I suggest you start by reading the RNN tutorial and sequence-to-sequence tutorial. They explain how to build LSTMs in TensorFlow. Once you're comfortable with that, you'll have to find the right embedding Variable and assign it using your pre-trained word2vec model.
I realize this was posted a while ago, but I found this Gist about sequence labeling and this Gist about variable sequence labeling really helpful for figuring out sequence labeling. The basic outline (the gist of the Gist):
Use dynamic_rnn to handle unrolling your network for training and prediction. This method has moved around some in the API, so you may have to find it for your version, but just Google it.

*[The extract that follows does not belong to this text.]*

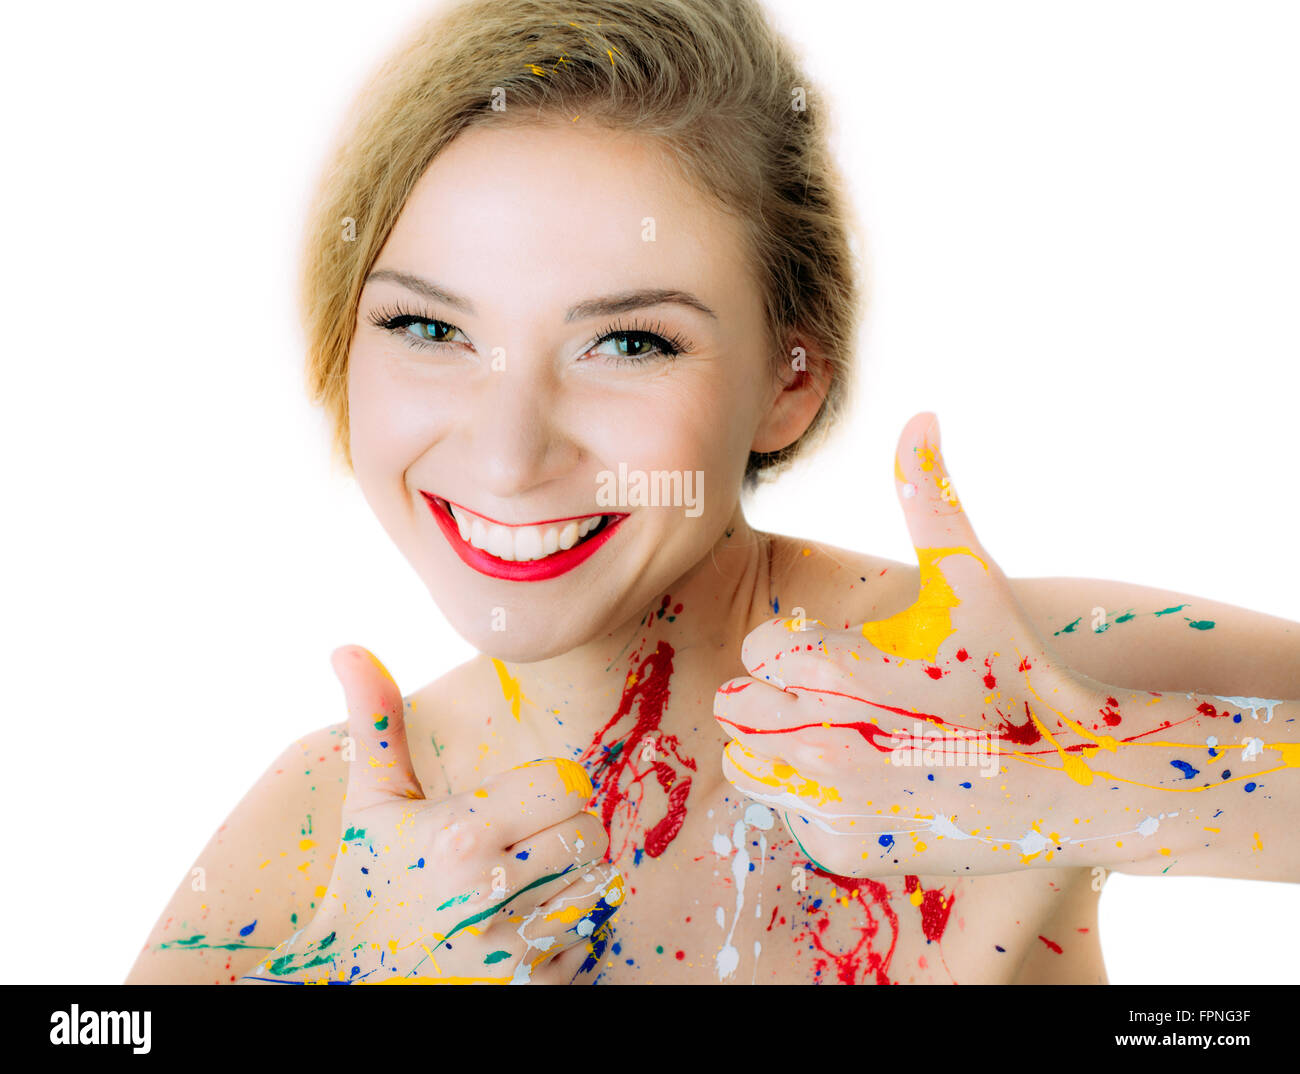 Portrait de femme peinture colorée en rouge avec des lèvres Thumbs up isolé sur fond blanc Banque D'Images

Arrange your data into batches of size [batch_size, sequence_length, num_features], and your labels into batches of size [batch_size, sequence_length, num_classes]. Note that you want a label for every time step in your sequence.
For variable-length sequences, pass a value to the sequence_length argument of the dynamic_rnn wrapper for each sequence in your batch.
Training the RNN is very similar to training any other neural network once you have the network structure defined: feed it training data and target labels and watch it learn!
And some caveats:
With variable-length sequences, you will need to build masks for calculating your error metrics and stuff. It's all in the second link above, but don't forget when you make your own error metrics! I ran in to this a couple of times and it made my networks look like they were doing much worse on variable-length sequences.
You might want to add a regularization term to your loss function. I had some convergence issues without this.
I recommend using tf.train.AdamOptimizer with the default settings at first. Depending on your data, this may not converge and you will need to adjust the settings. This article does a good job of explaining what the different knobs do. Start reading from the beginning, some of the knobs are explained before the Adam section.
Hopefully these links are helpful to others in the future!